6% ABV on tap (not cask!)
I’d seen the interesting snowman tap popping up in a lot of bars in the city. And “normal” bars too, bars whose “best” beer is shit like Stella, so I was kinda intrigued. It was labeled simply “Winter’s Bourbon Cask Ale,” no brewery mentioned, piquing my interest even more. It seemed Wallace Shawn inconceivable to me that all these bars were now serving a jen-you-wine bourbon barrel-aged beer. I did some further research. It’s a Michelob product. Ah…makes more sense. Nevertheless, I had to admire their gumption in actually attempting such a seemingly interesting beer.
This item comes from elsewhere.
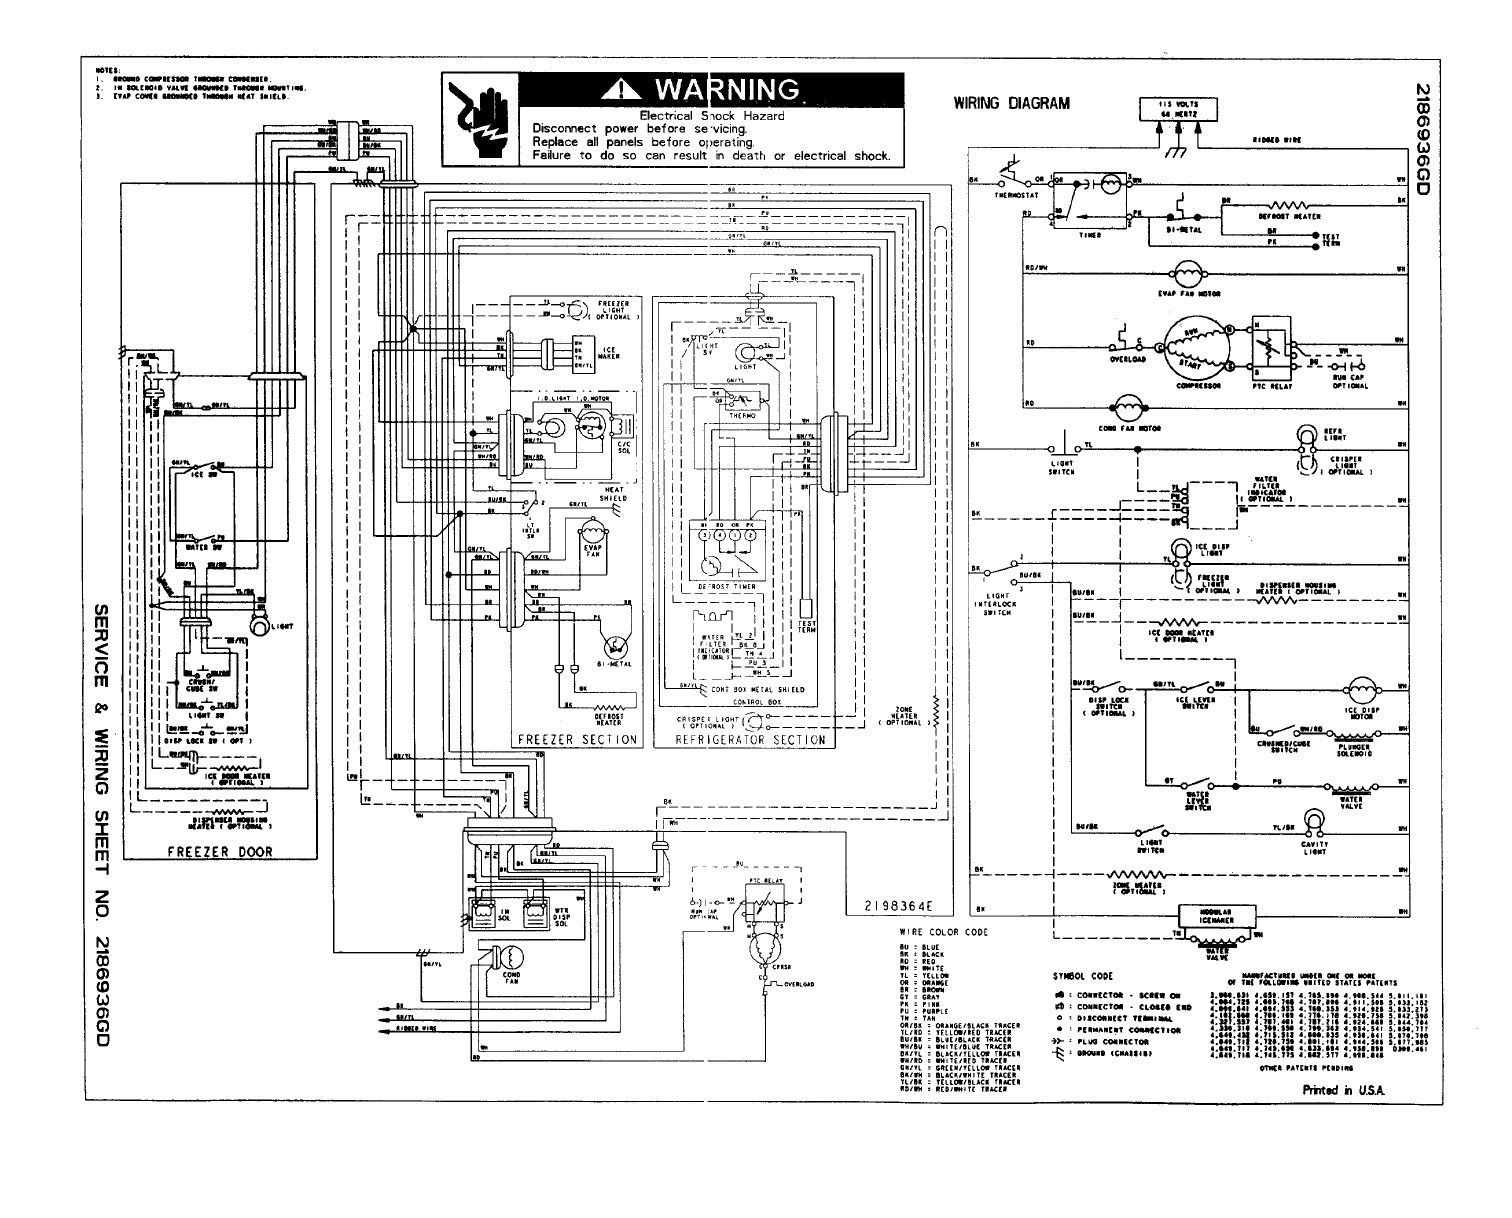 wiring diagram of refrigerator microsoft infrastructure kenmore download

The other night I yet again saw this beer on tap and finally got a chance to try it. The beer poured quite dark, could this be a legitimate boozy stout? My friend took the first sip while I paid.
“Tastes like a Heath bar.”
He nailed it. It tasted exactly like liquidized Heath bar. The funny thing is, I love Heath bar. It’s arguably the best candy bar around and it is certainly the best candy bar to be used in McFlurry/Blizzard-type candy ice cream treats. But, as the most prominent taste of a beer, it was heinous.
This beer also had very medicinal, dental, flouride-type flavors in it. Disgusting. So artificial tasting, so terrible. Absolutely zero tastes of bourbon, zero tastes of any sort of complex aging, and this is clearly not a “cask” beer no matter how you want to define cask, even by its most loose definitions.
The gall of Michelob to claim they are making something so ambitious when this is just more assembly line bullshit shrouded by a well-conceived marketing campaign. Have some courage to actually make what you are claiming or don’t attempt to make it at all. I really think beer companies should be fined for such blatant duplicity*. I would really like Michelob to prove to me that this beer was casked for even a single fucking day. I’m guessing the only bourbon involved in the creation of this beer was in the glass of the Anheuser-Busch CEO as he drank and laughed his ass off at yet another semi-successful attempt at duping the public.
If I wasn’t paying Manhattan pint prices I would have walked into the bathroom and dumped this down the urinal after just a few sips. Oddly enough, my friend loved this beer and drank pints of it all night. He did make a valid point in noting how one never sees a macro beer with such a high ABV. Having said that, my friend also wasn’t able to go out Saturday night because he had one of the most wicked hangovers of his life. Being that he didn’t even drink that heavily, all there is to blame is this terrible artificial brew and all the sugar in it which quite clearly infected his brain.
Avoid at all costs. Winter’s Bourbon Cask Ale will almost certainly make my worst beers of 2009 list.
*I’m as laissez-faire as they come when it comes to government intervention. Nothing chaps my hide more than grandstanding, sanctimonious, hypocritical congressmen trying to nose their “voice” into all parts of American life (to wit: steroids in baseball, the BCS, etc.) But I would completely support them in bringing the major macro brewers in for a hearing to bust them for their egregious taste crimes against humanity.